The demonstration we propose aims to address the state of the art limitations. We propose a mechanism that mines business processes from email logs. We consider that human intervention is often required to generate reliable business process models but we aim to minimize it. We propose then an approach that enables users to collaboratively and gradually build an annotated corpus of messages and to automatically classify these ones into processes, instances and activity IDs using machine learning techniques. This is illustrated in Figures 1 and 2. In Figure 1 we can see the user manually annotating an email in order to enrich the learning dataset. This is achieved through the email client graphical user interface. In Figure 2 we see an annotated email, which is done automatically by the machine learning model. These two features are also illustrated in the video 1 (process name and activity name prediction).
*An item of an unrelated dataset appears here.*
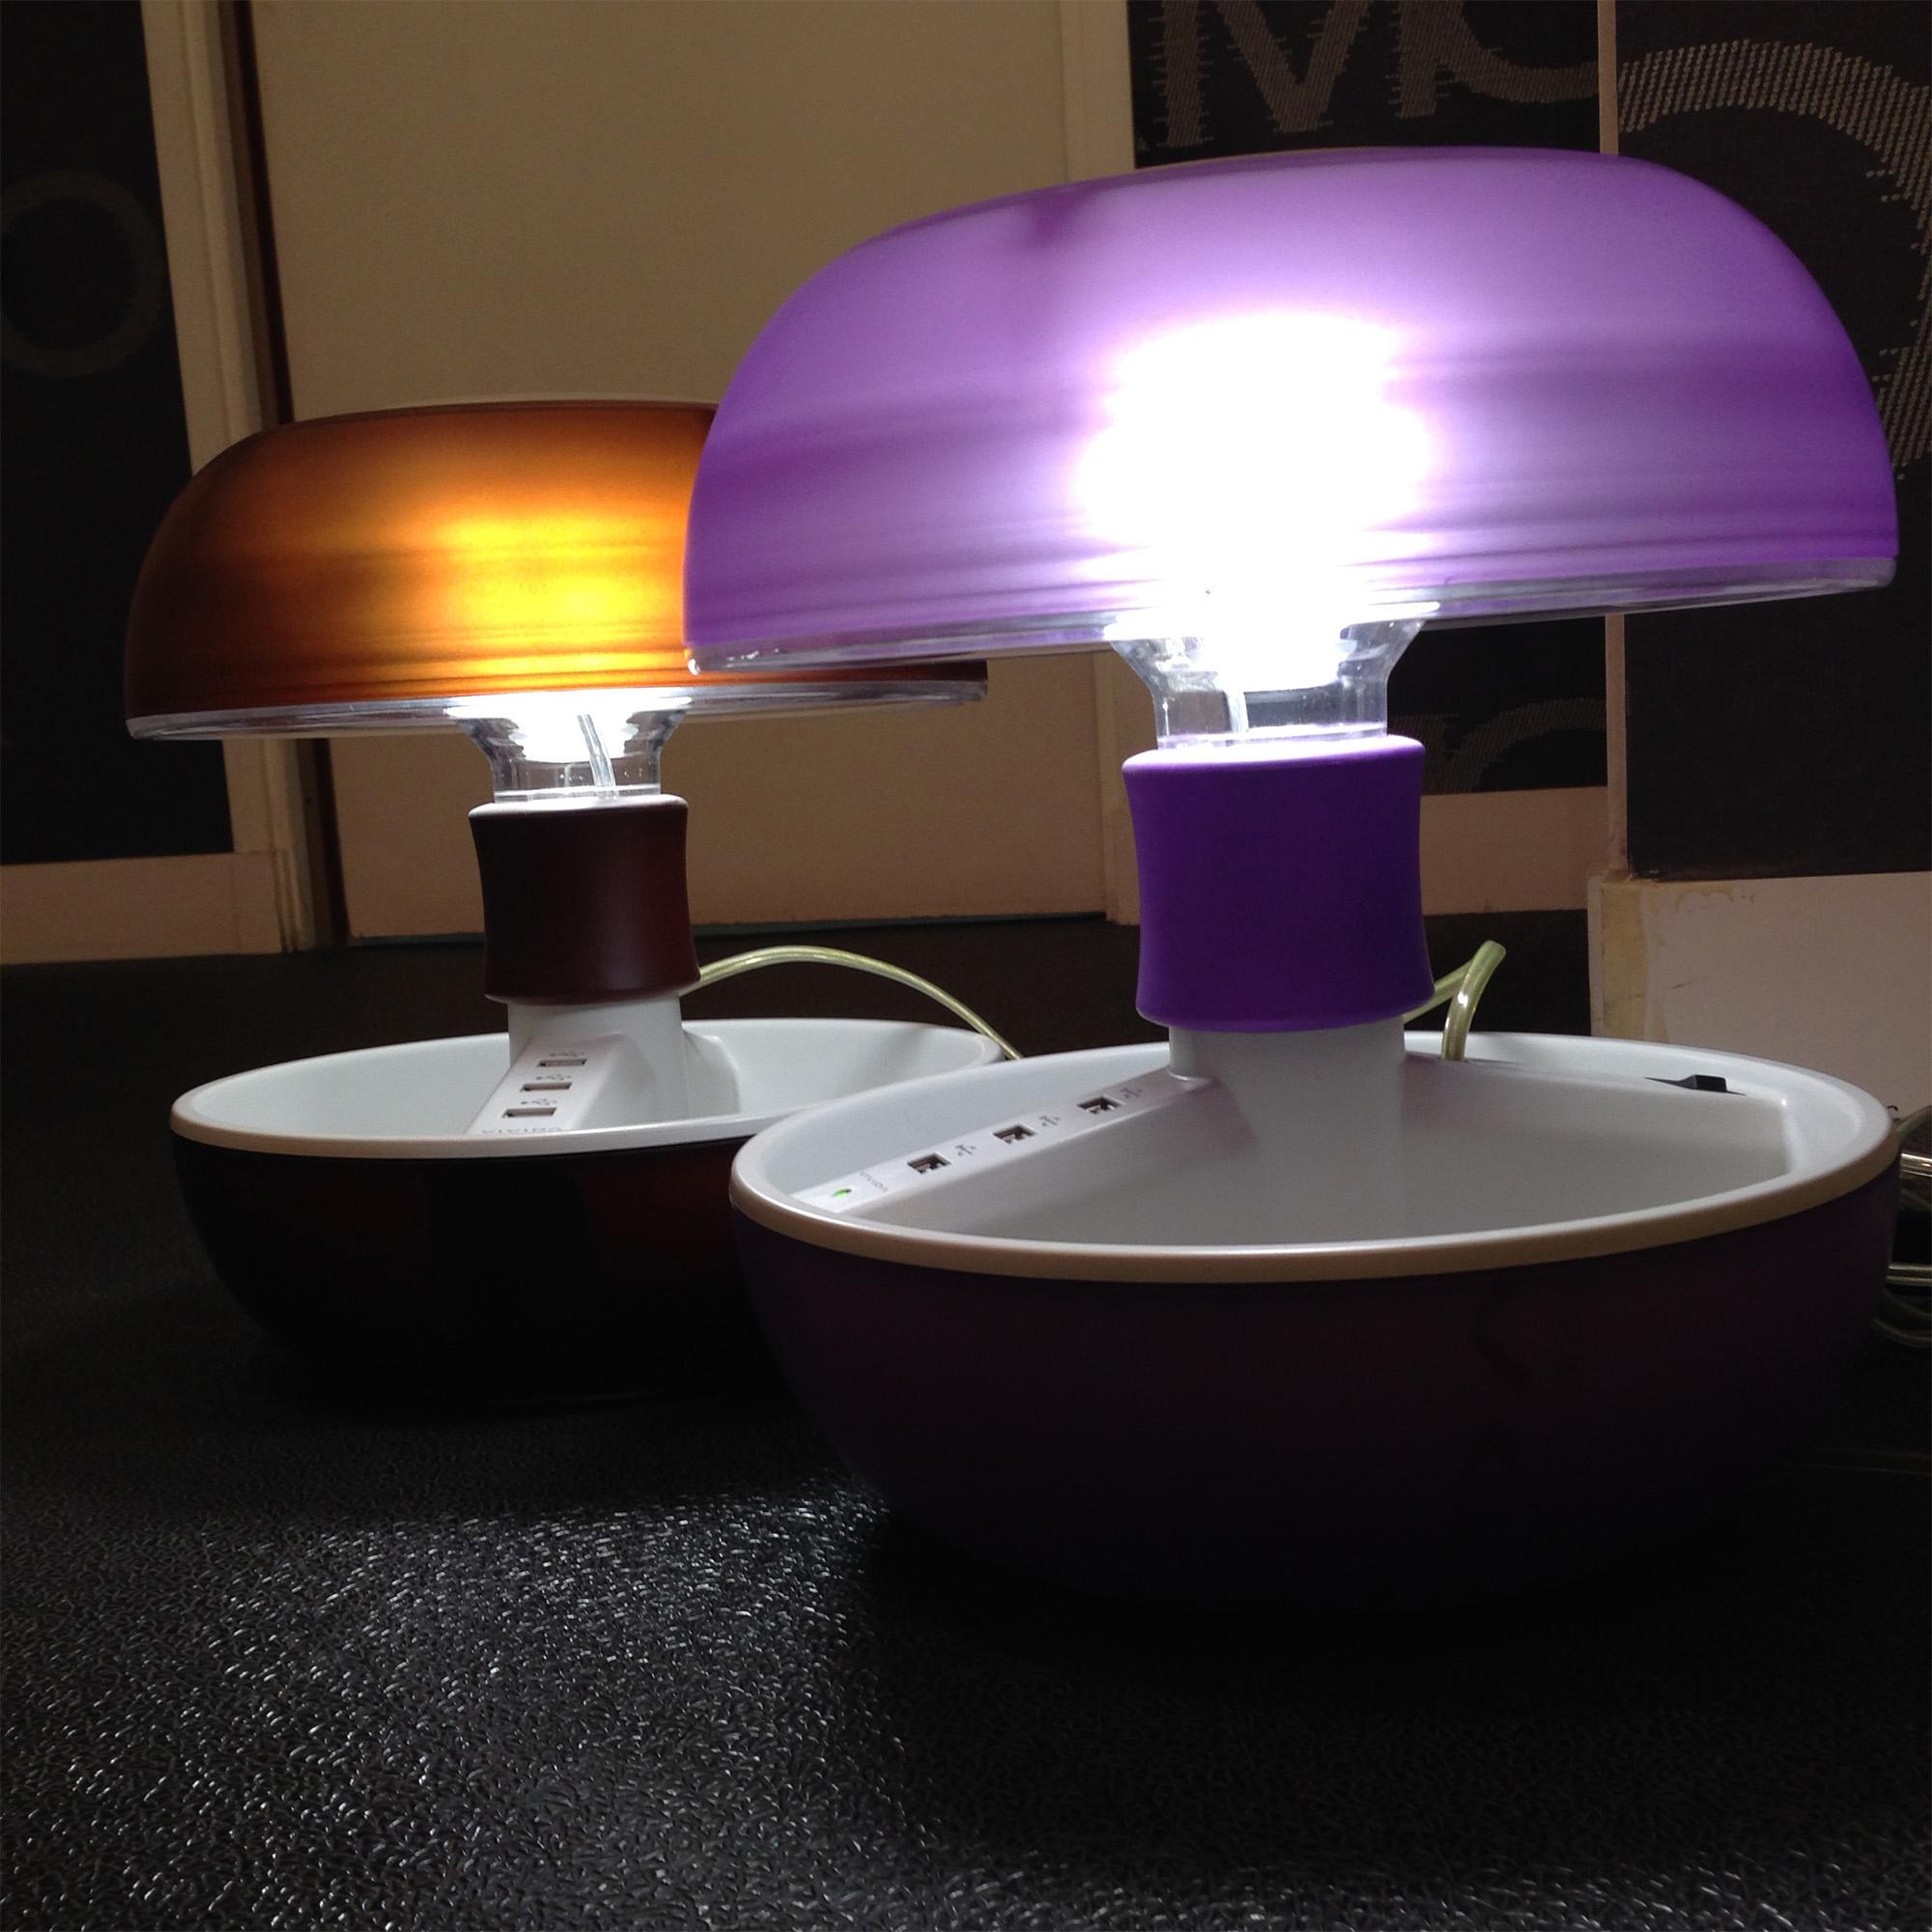 Dailykif_joyo_marron_violet

Our proposal differs from existing works by: (1) Minimizing the effort required for building a training dataset through a collaborative approach (2) Building more discriminative classification and clustering features using references, named entities, email correspondents and email exchange history (3) Applying a fast and non-parametric clustering algorithm for process instance detection.
Once the list of processes are detected, the list of events (activity names) per process is detected, and finally the the associated process instance identifier for each event is detected we build an event log per process on which we can apply any process mining algorithm. Figure 3 shows the discovered business process model on a dataset which contains 180 emails related hiring business process.